I haven't come across any recent renderings of the new stations. They recently encountered a snag and have redesing basically the entire project. Why? In all of the original renditions UD Tower was demolished. They have come to discover that the basement of UD serves as part of the retaining wall holding up the tracks. A new wall would have to be built, and Joliet doesn't want to spend the money, so at least part of the tower will stay. They have not yet decided if they will just leave the basement and tear down the upper level of the tower, or just leave the entire tower intact.

They are considering turning the Tower into a museum- complete with the interlocking machine- and opening it to the public. I really hope they do. I've been up there a few times. It's an awesome place. A real step back in time. It would be really cool if the public could see it, too. You can get some amazing shots of trains, too ;-).


----------



## MetraUPWest

They're cutting out the old track 2 as we speak.
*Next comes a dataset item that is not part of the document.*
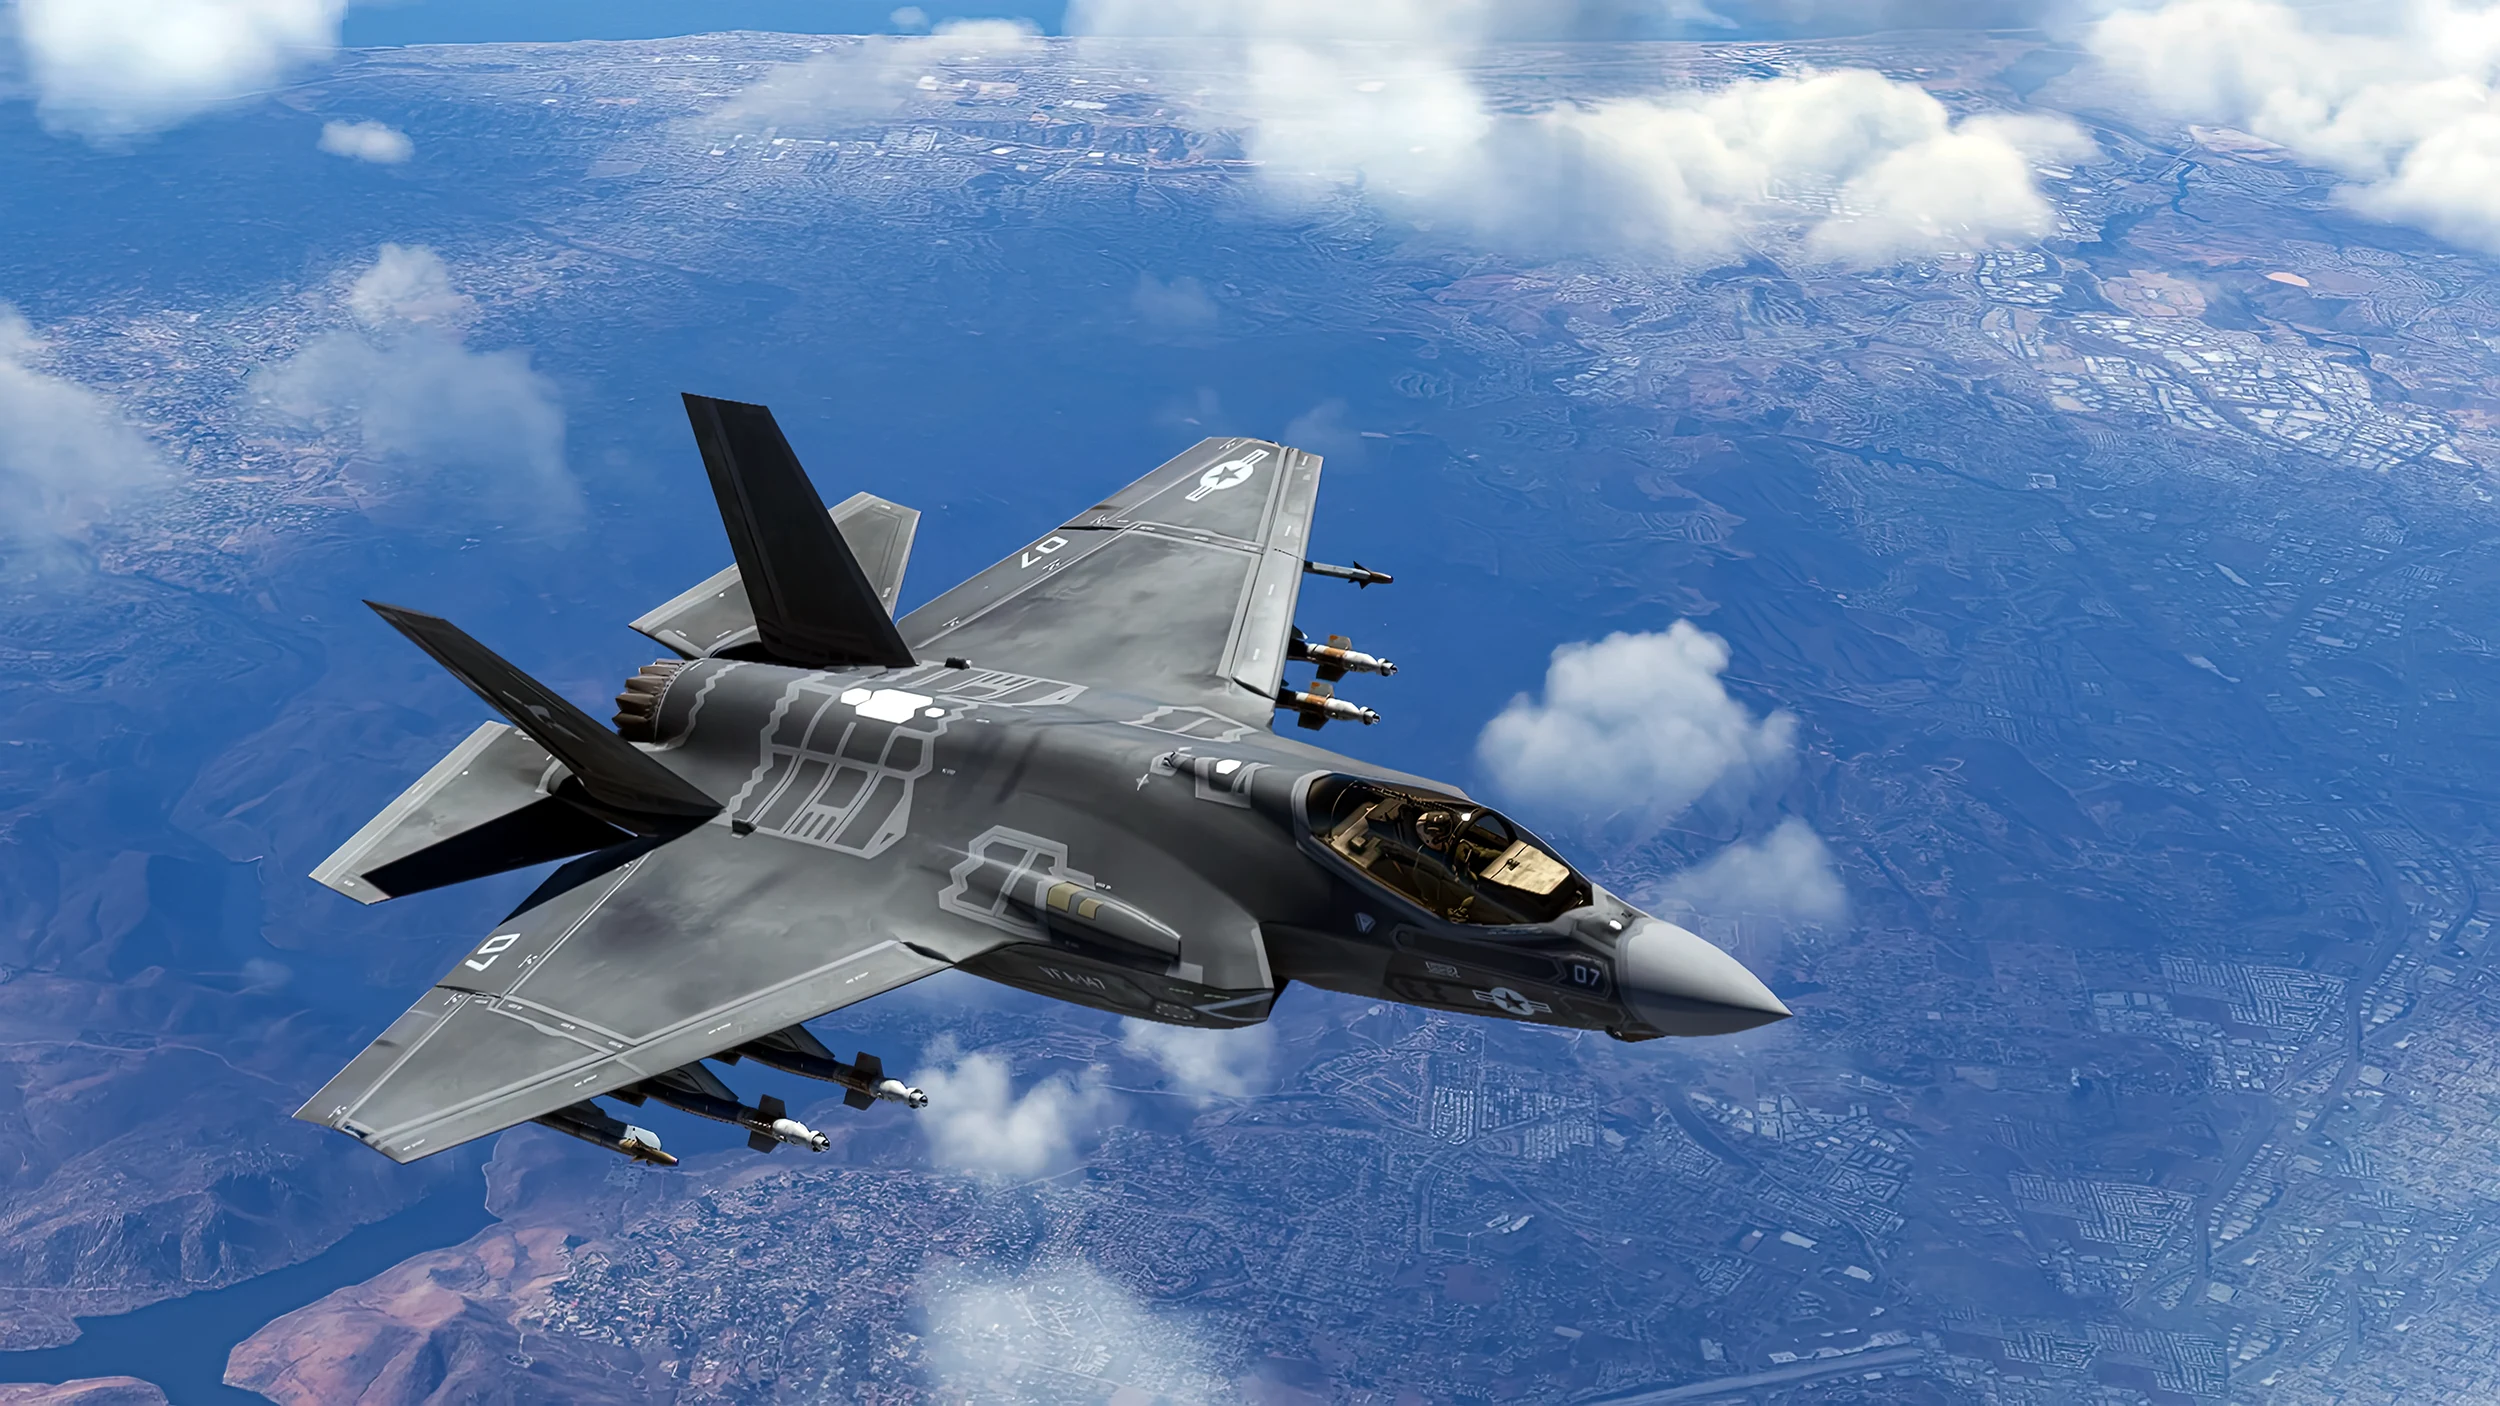 ¿Por qué Grecia recibe el caza F-35 y Turquía los F-16?

Track 2 on the Flyover will he open in time for the rush hour Monday morning, and track 1 will be cut in next weekend. After the 2 tracks are cut in the old mains will be removed and construction on the 3rd track flyover will start.


----------



## neroden

Wow! Thanks for the info on both projects.
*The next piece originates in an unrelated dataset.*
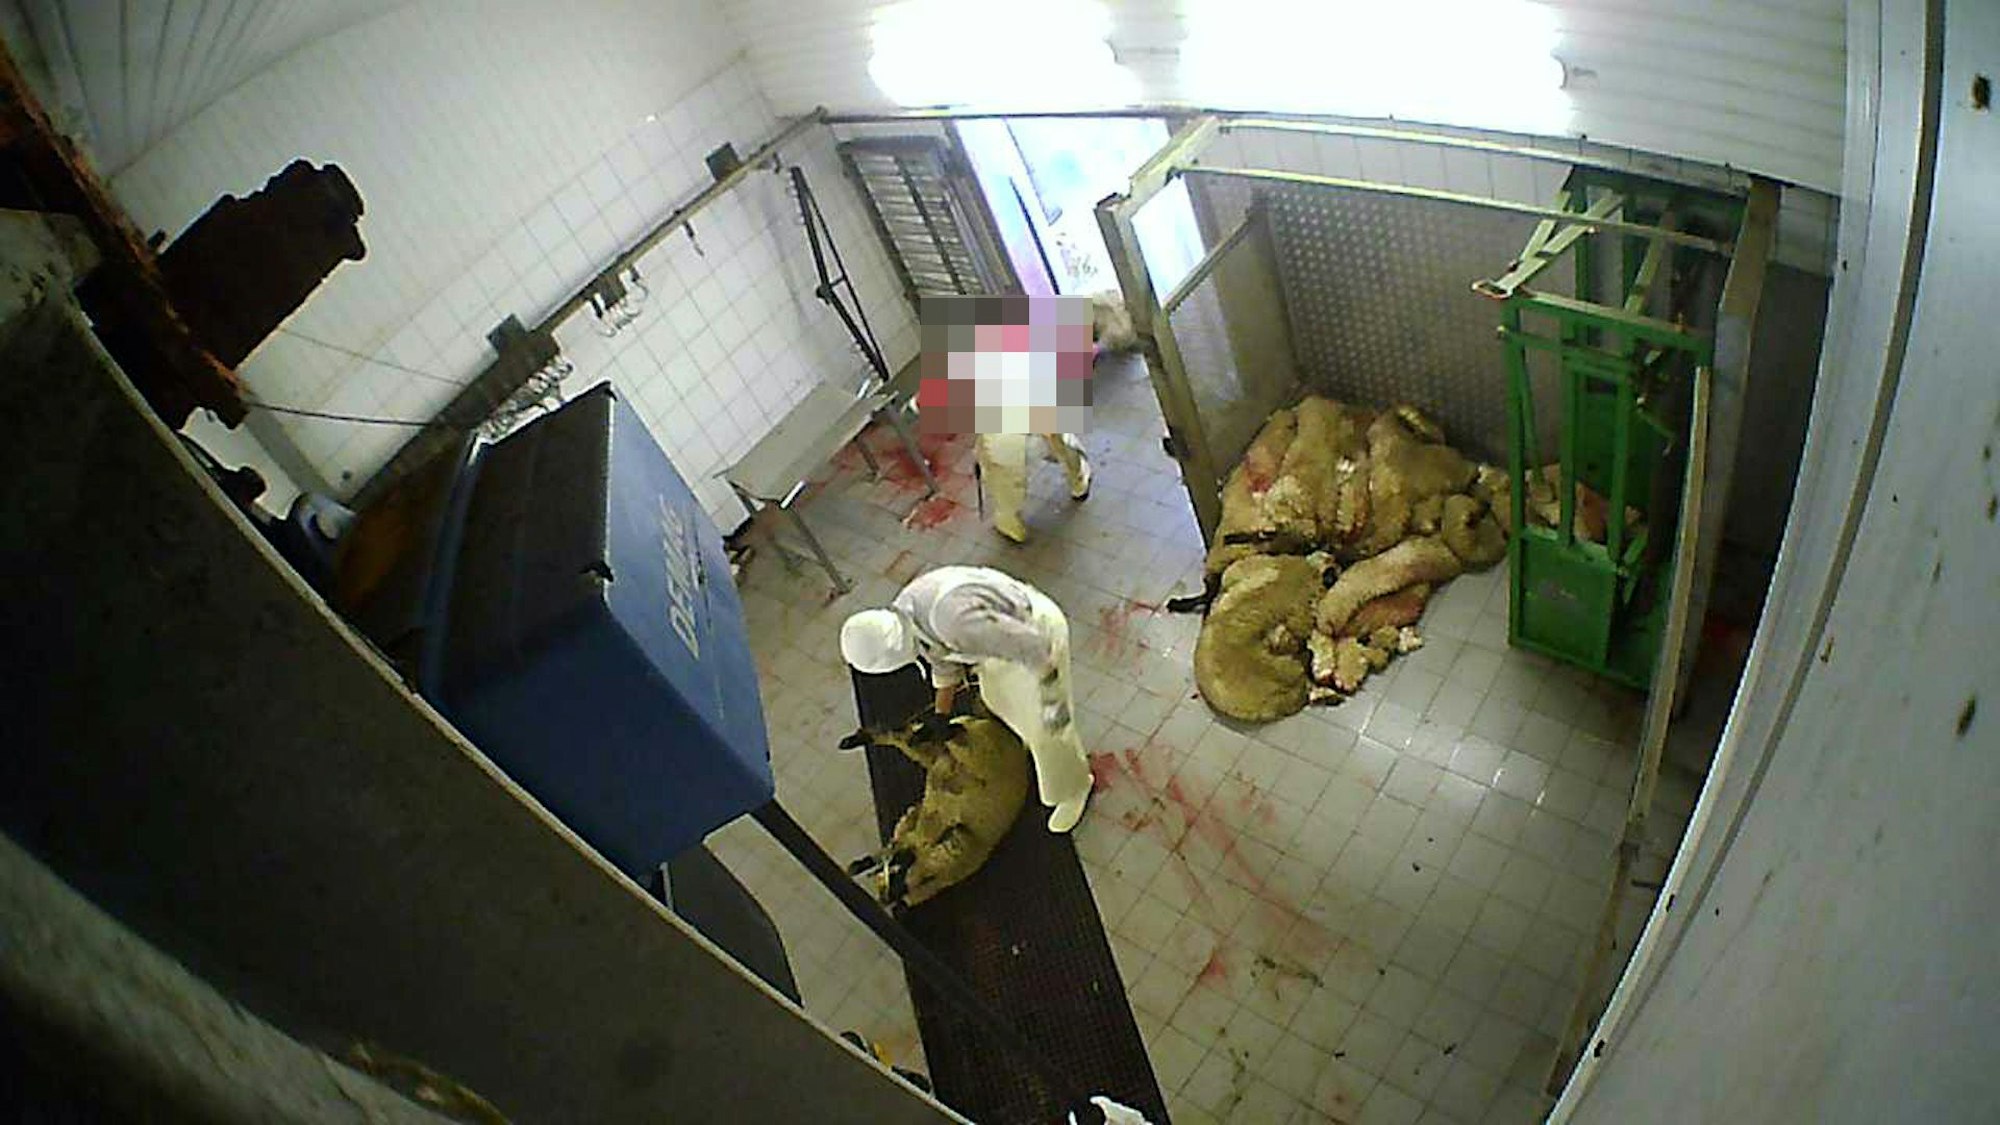 Aufnahmen einer versteckten Kamera zeigen zwei Mitarbeitende eines Schlachthofs, die Schafe in einen Raum ziehen.

I'm betting NS will replace the diamonds with straight rail ASAP (they're very high-maintenance) as soon as Metra traffic has moved onto the flyover, so the diamonds could be history by the first week of October. It'll be really interesting to see whether this makes a difference in Amtrak schedule reliability.

There used to be these routine delays of 10+ minutes on the final westbound Chicago approach right before Englewood, though lately that has been swamped by delays caused by trackwork elsewhere. NS has claimed that this is the biggest chokepoint on their entire network, so maybe the dispatchers will be able to make things move more fluidly without it.
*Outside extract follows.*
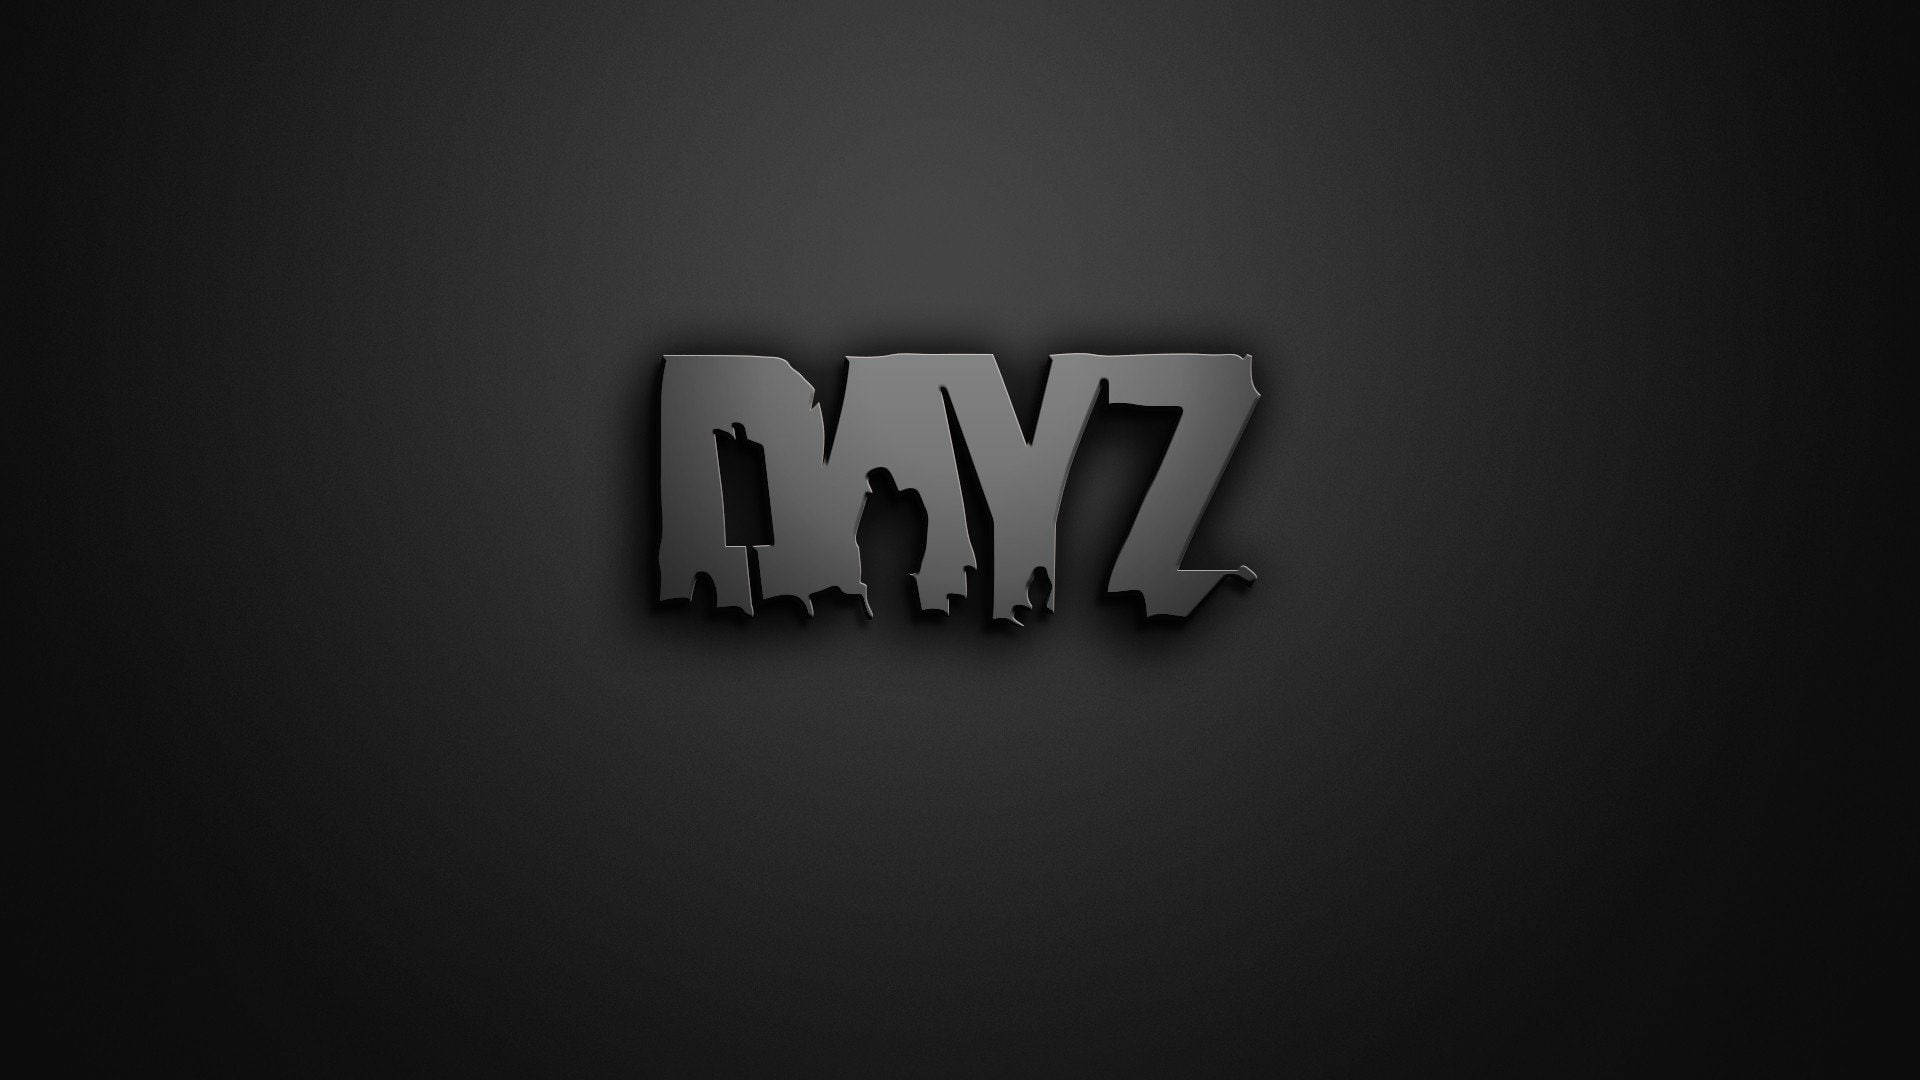 Gray Dayz Desktop Wordmark

As for Joliet, what I've really been trying to figure out is:

(1) where the pedestrian underpasses are going to run when the station is finished: the buses are going in the SW corner and the train platforms in the NE corner, so they're certainly going to be heavily used underpasses;

(2) how the platforms are going to be laid out relative to the tracks: some renditions show side platforms for Heritage Corridor, some show a center platform; (personally, I'd prefer side platforms as it would be easier to restore service along the BNSF route if it proved necessary)

(3) how this will accomodate the planned High Speed Rail service, which would use the curve from UP to Rock Island: would it back up into the Rock Island platform or what? Would extra platforms be built?

(4) how layovers by Heritage Corridor trains are going to be handled: or do all trains have to stay in downtown Chicago overnight with outbound trains early in the morning?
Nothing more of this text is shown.